1 Division of Electrophysiology, Department of Cardiology, J.W. Goethe-University, Theodor-Stern-Kai 7, 60590 Frankfurt, Germany
2 Procter & Gamble Pharmaceuticals, Health Care Research Center, Cincinnati, OH, USA
3 The Methodist DeBakey Heart Center, Houston, TX, USA
4 Cleveland Clinic Foundation, Cardiology Department, Cleveland, OH, USA
5 Division of Cardiology, St. Michael's Hospital, Toronto, Ontario, Canada

* To whom correspondence should be addressed.
Stefan H. Hohnloser, E-mail: hohnloser{at}em.uni-frankfurt.de


   Abstract

Aims The purpose of this study was to assess the incidence, features, and clinical sequelae of ‘electrical storm’ (ES).

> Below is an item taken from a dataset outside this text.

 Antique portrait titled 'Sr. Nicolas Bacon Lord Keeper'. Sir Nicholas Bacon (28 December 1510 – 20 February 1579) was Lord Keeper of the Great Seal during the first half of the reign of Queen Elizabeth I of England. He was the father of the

Methods and results This study is a prospectively designed secondary analysis of SHIELD; a randomized trial of azimilide for suppression of ventricular tachycardia/fibrillation (VT/VF) leading to implanted cardioverter defibrillator (ICD) therapies. Systematic and rigorous follow-up and blinded adjudication of ICD therapy allowed identification of all ESs (≥3 separate VT/VF episodes leading to ICD therapies within 24 h). Of 633 ICD recipients, 148 (23%) experienced at least one ES over 1-year follow-up. No clinical predictors of ES were identified. Frequent VT episodes accounted for 91% of all ESs, with the remaining being VF alone or both VT plus VF. ES led to a 3.1-fold increase in arrhythmia-related hospitalization (95% CI 2.3-4.3; P < 0.0001) compared with patients with isolated VT/VF, and to a 10.2-fold increase (95% CI 6.4-16.3; P < 0.0001) compared with patients without VT/VF. Compared with placebo, azimilide (75 and 125 mg/day) reduced the risk of recurrent ES by 37% (HR=0.63, 95% CI 0.35-1.11, P = 0.11) and 55% (HR=0.45, 95% CI 0.23-0.87, P = 0.018), respectively. However, the reduction in time-to-first ES did not reach statistical significance by both doses (75 and 125 mg) of azimilide (HR=0.82, 95% CI 0.56-1.19, P = 0.29 and HR=0.69, 95% CI 0.46-1.04, P = 0.07), respectively.

Conclusion ES is common and unpredictable in ICD recipients and it is a strong predictor of hospitalization.

Keywords: Azimilide dihydrochloride; Implantable cardioverter defibrillator; Antiarrhythmic therapy; Ventricular tachycardia storms.